Problem details
All of the data is to be printed exactly, though the images must be left off.

═════ Given data ═════

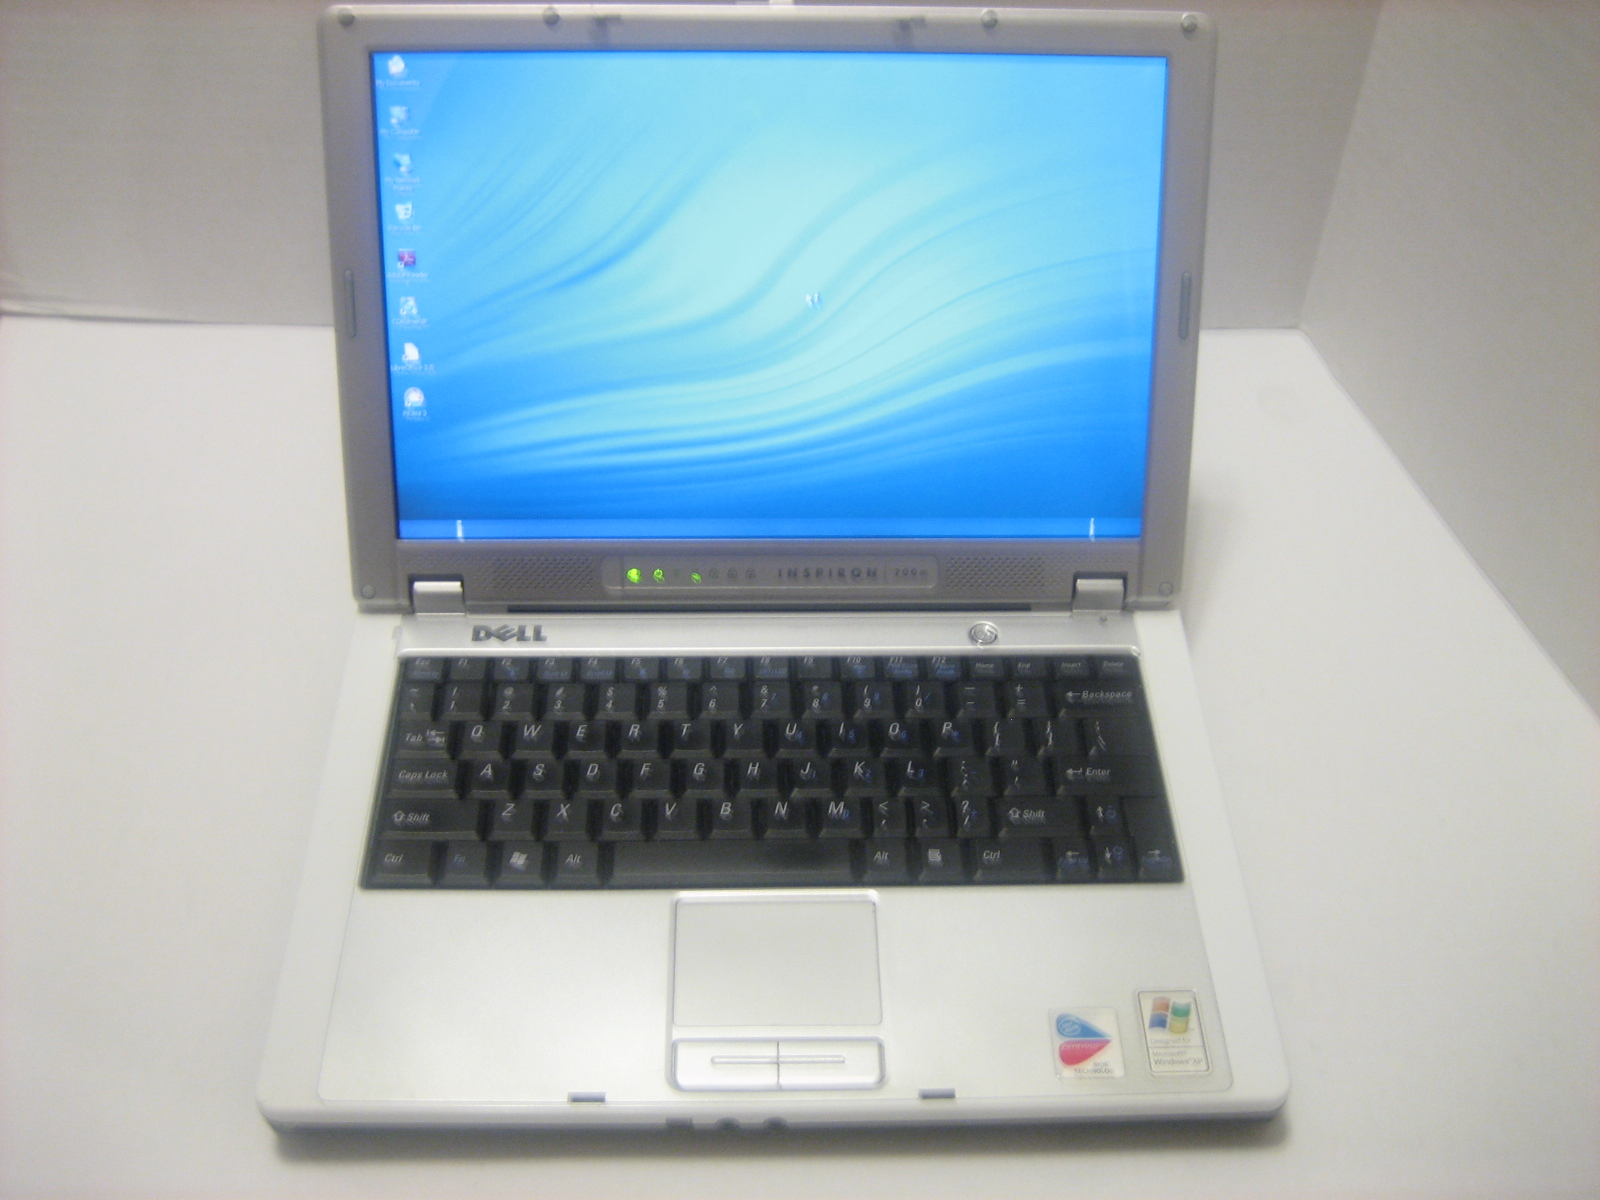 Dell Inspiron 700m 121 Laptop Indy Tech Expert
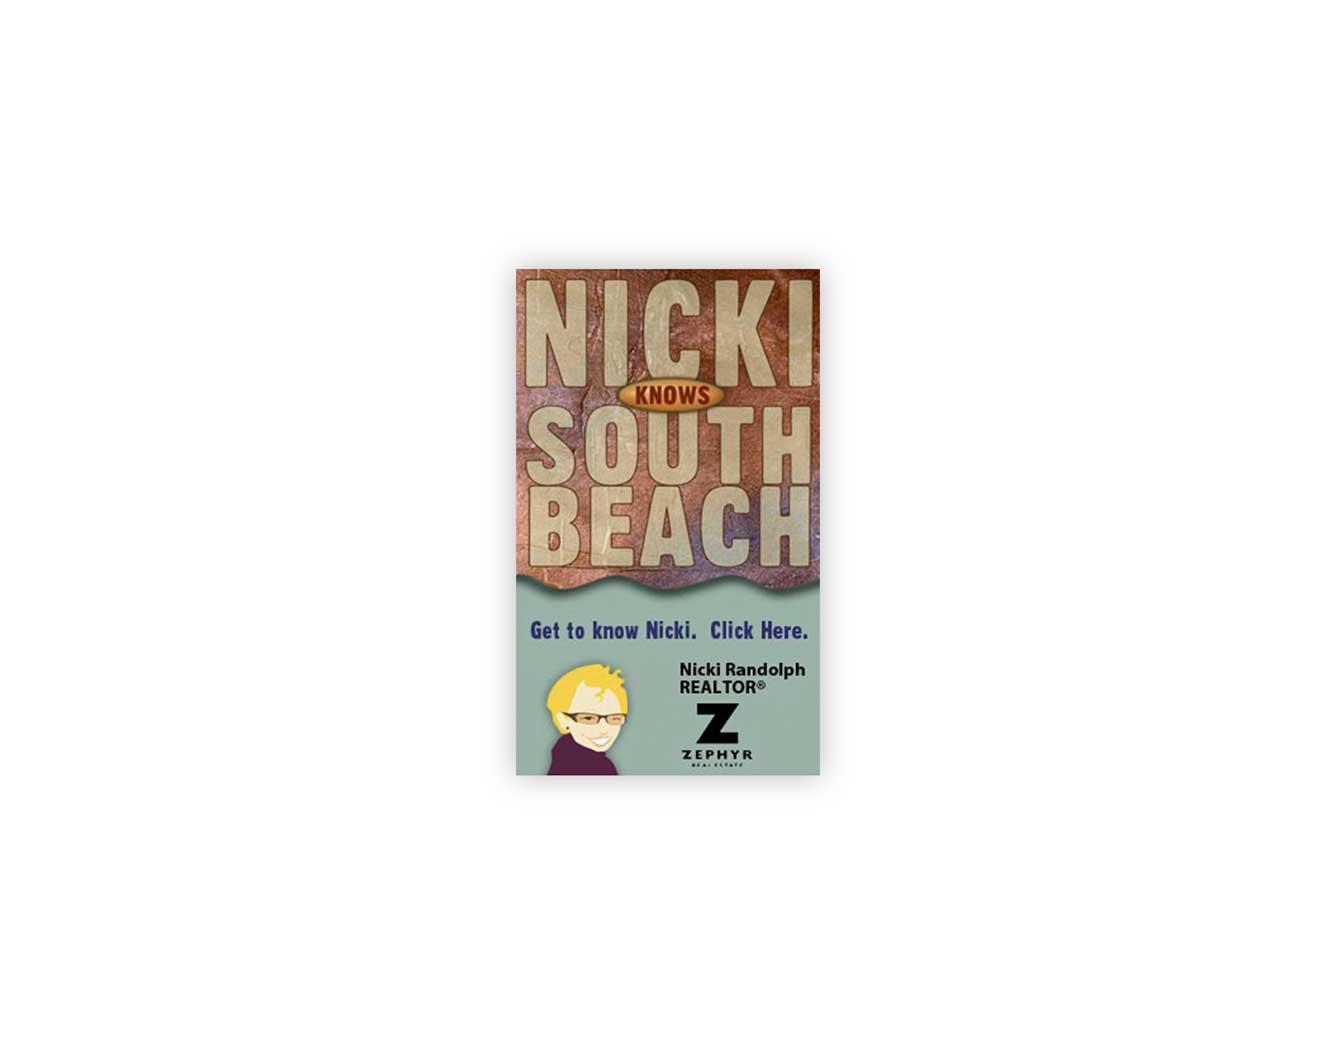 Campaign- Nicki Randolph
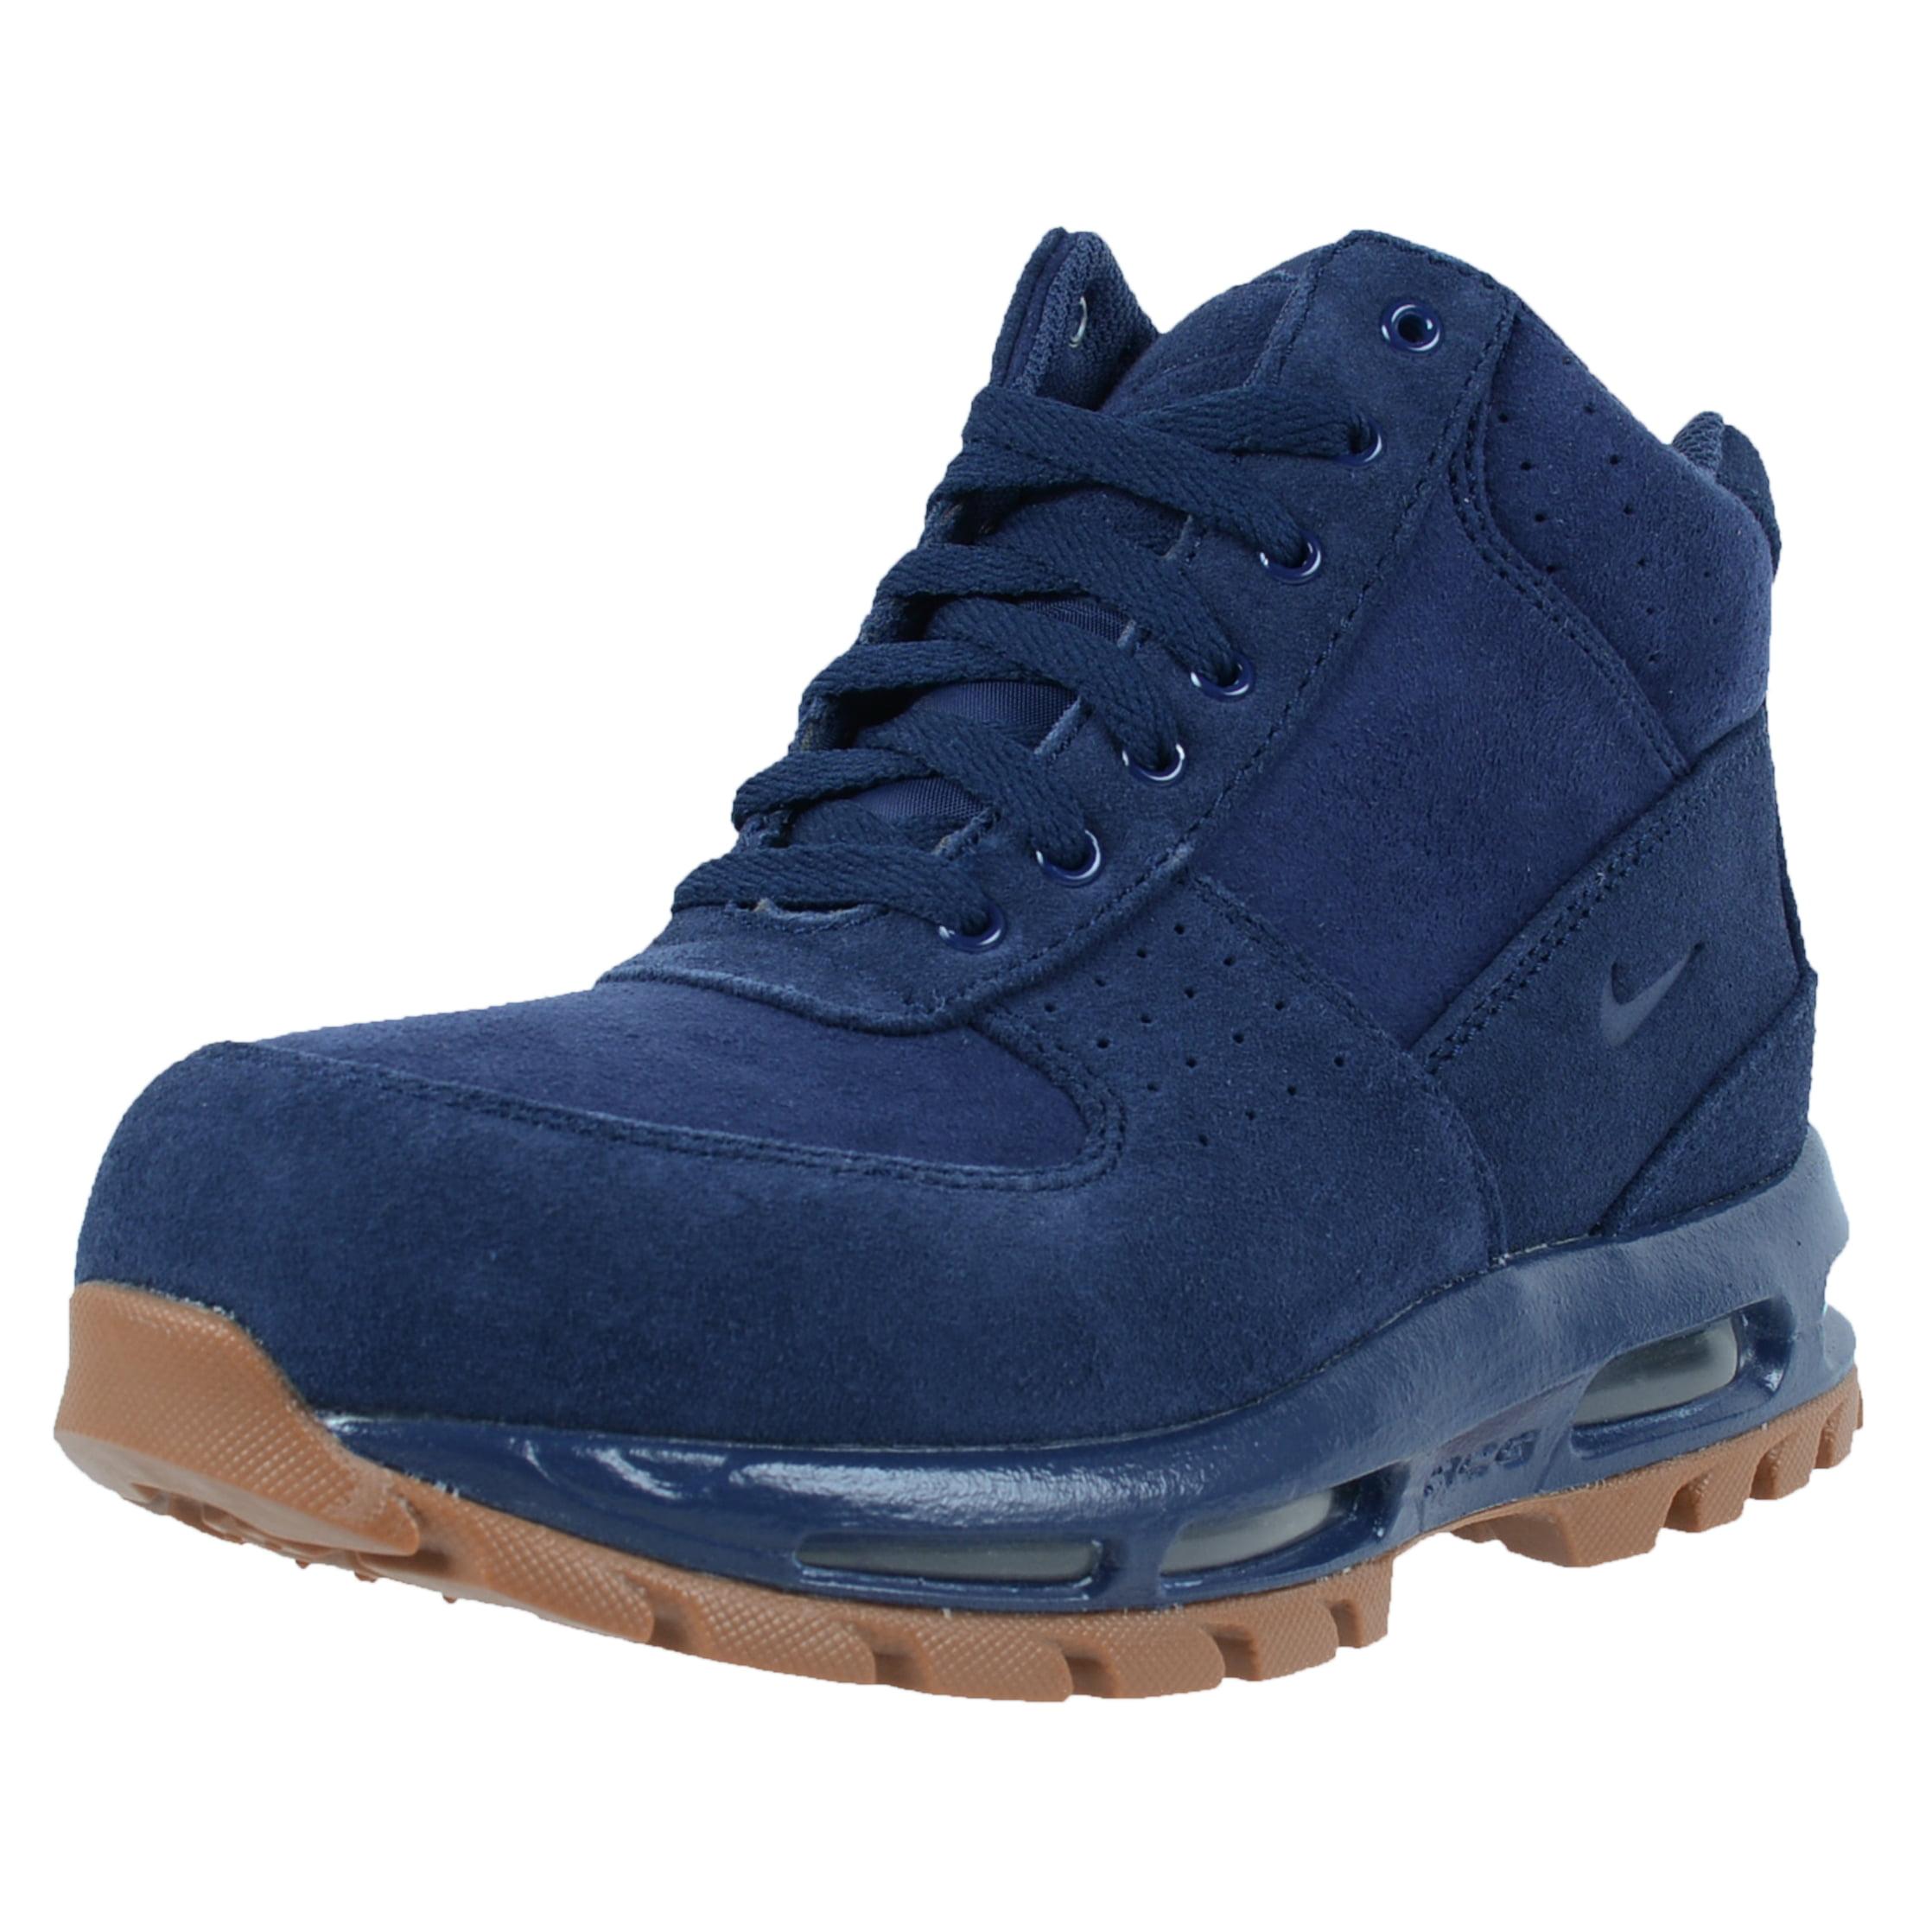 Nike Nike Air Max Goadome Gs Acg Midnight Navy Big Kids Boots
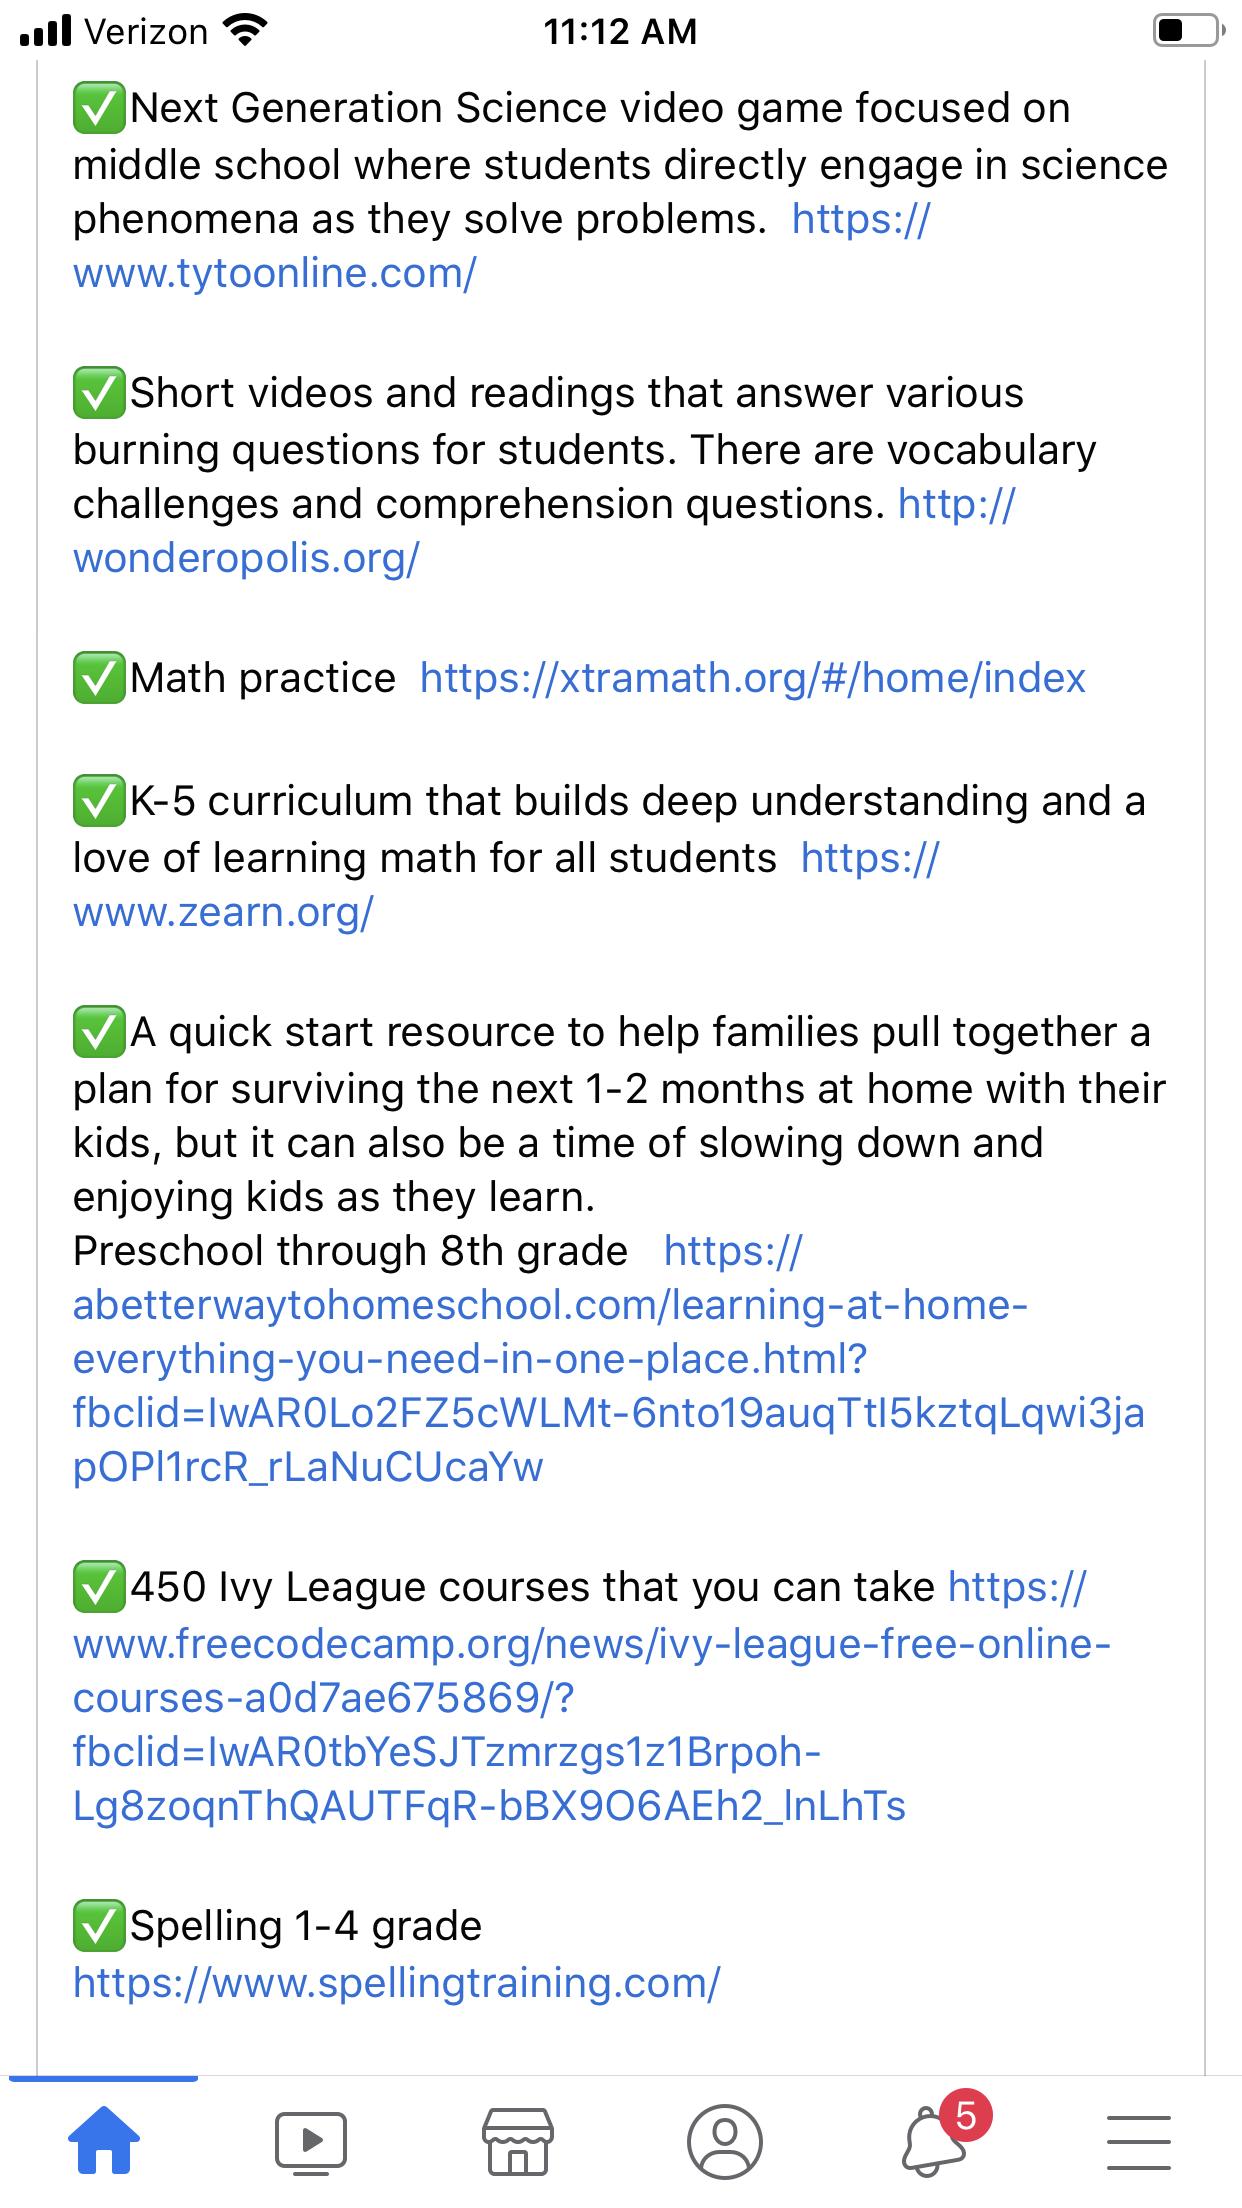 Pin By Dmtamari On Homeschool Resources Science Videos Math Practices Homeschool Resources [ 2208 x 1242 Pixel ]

═════

Reply
 Dell Inspiron 700m 121 Laptop Indy Tech Expert
 Campaign- Nicki Randolph
 Nike Nike Air Max Goadome Gs Acg Midnight Navy Big Kids Boots
 Pin By Dmtamari On Homeschool Resources Science Videos Math Practices Homeschool Resources [ 2208 x 1242 Pixel ]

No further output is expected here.